El fragor de su pasión despertó al enjambre que dormitaba al pie de la duna. La alarma fue un ulular largo, y agudo que se asemejaba a un aullido con calidad de trino y que parecía resquebrajar sus gargantas al unísono, un sonido nunca escuchado antes en la región, como si su aprendizaje les viniera de antaño y les procurara la anhelada liberación. Aullido, clamor, grito o lamento, el ensordecedor alarido puso en pie de guerra a toda la marisma. Las paredes tristes y oscuras, de las casas grises aparentemente selladas para el exterior, ahora eran fuente de una reverberación tal, que a lo lejos se escuchaba su clamor, en una mezcla de aullido y trino, entre voz de bestias y alegoría de ángeles.
En su apasionado encuentro, la pareja, rodó por la duna hasta caer sobre la puerta de una de las casas golpeando a algunas de las que agazapadas gozaban del espectáculo para ellas pecaminoso que les brindaba la feliz pareja. Algunas salieron heridas en su físico, todas heridas en su ego al sentirse descubiertas, salieron chillando y soltando maldiciones.
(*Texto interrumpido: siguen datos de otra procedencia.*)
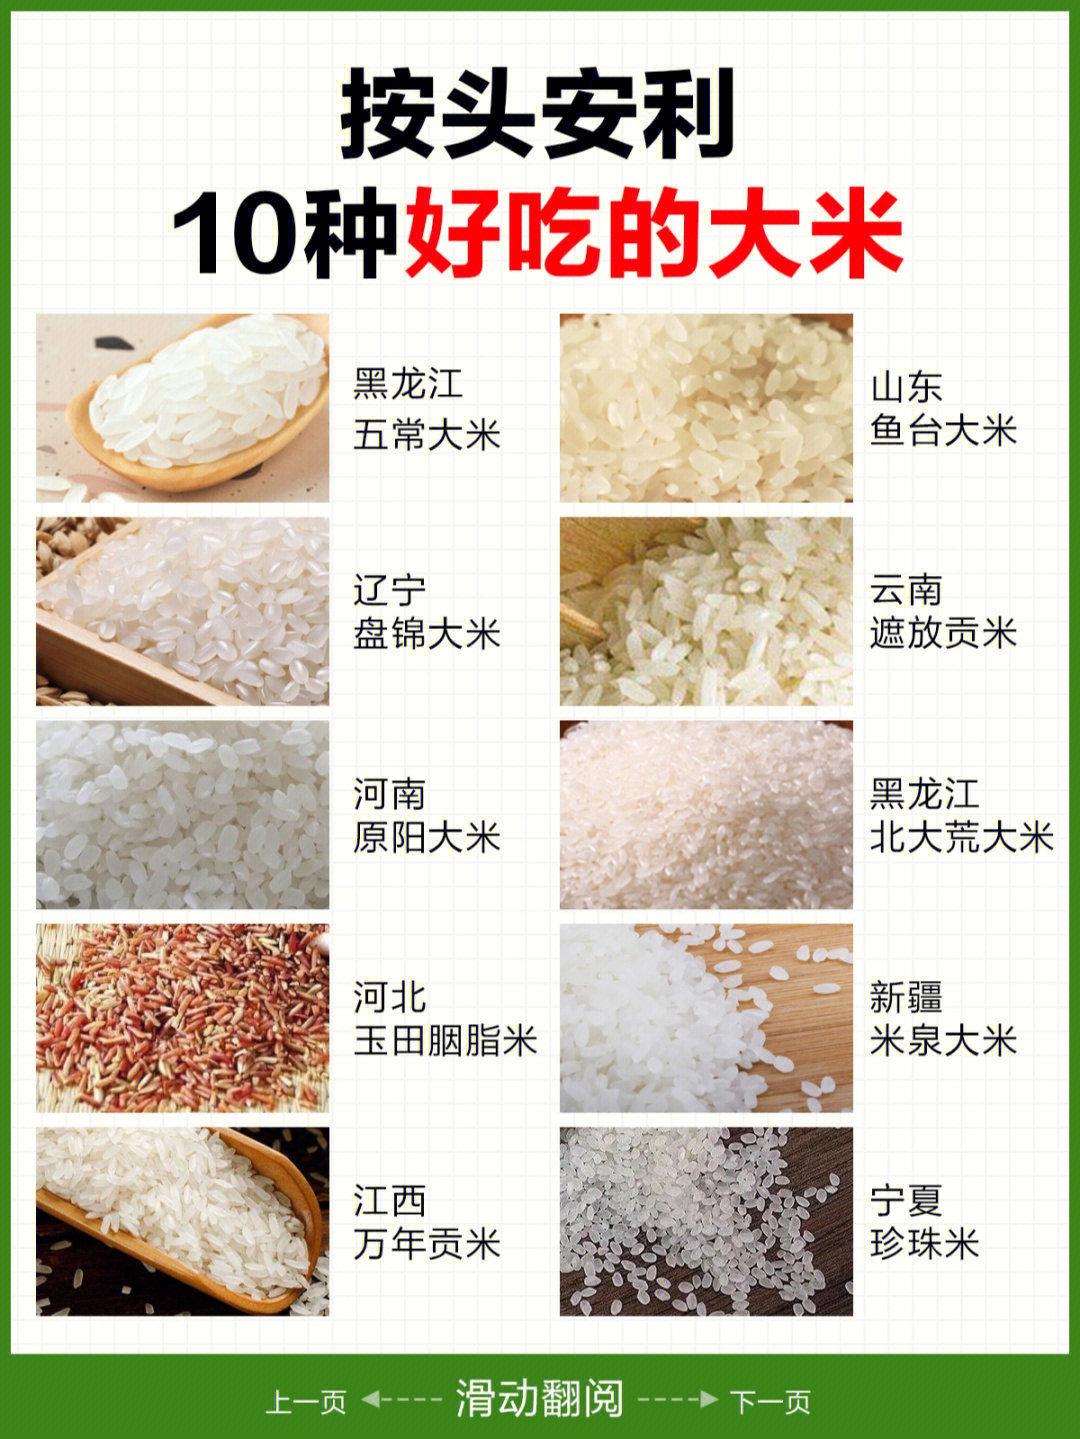 分为籼米,粳米,糯米三种大米性平,味甘

El zumbido en que se convirtió la onda ensordecedora, atrajo cada vez a mayor número de justicieros, que esperaban probarse como impartidores de una justicia real y satisfactoria, que siempre es aplaudida cuando a sus fines oscuros les impiden dar cauce de otra manera a los celos, envidia, furia animal contenida que se lleva grabada en los genes, cultivada por generaciones de desesperanza. Verdadero enjambre de almas empobrecidas, desesperadas por abandono, hambre, desamor, ya no buscaban al causante de sus injurias, sino en quien cobrarse una venganza marcada en su sangre, para desahogar la furia contenida, acumulada por lustros de limitaciones, fatigas y desesperanzas en el despiadado arrabal de mugre en que el destino había convertido sus vidas.
Carmela interpuso su cuerpo entre los atacantes y su amado, sin que esto limitara la furia asesina. Los verdugos, uno a uno y en un orden que parecía una representación ensayada con premeditación tal que recordaba una consagración con visos de democracia iniciaron la procesión macabra de sangrar a los castigados, les siguieron aquellos que indecisos o temerosos del soporte de las amarras que contenían a los prisioneros. Al final de lo procesión y luego de horas de suplicio, reinició la procesión macabra, un nuevo carnaval, ahora con sus hijos pequeños, obligándolos a beber la dulce sangre de los cuerpos inertes de los infortunados, para sellarles a sus retoños en su mente esa lección imborrable de escarnio al que veían como justicia.
Carmela cayó en un último abrazo que intentaba proteger a su amado, ofrendando su vida para protegerlo. Carmelo resistió hasta donde su descomunal fortaleza se convirtió en su propio enemigo, al hacer más largo el tiempo de su tortura.
¡Déjenla a ella! -gritaba. - ¡es sólo una novela! Repetía. ¡Díselos tú!, me suplicó al reconocerme.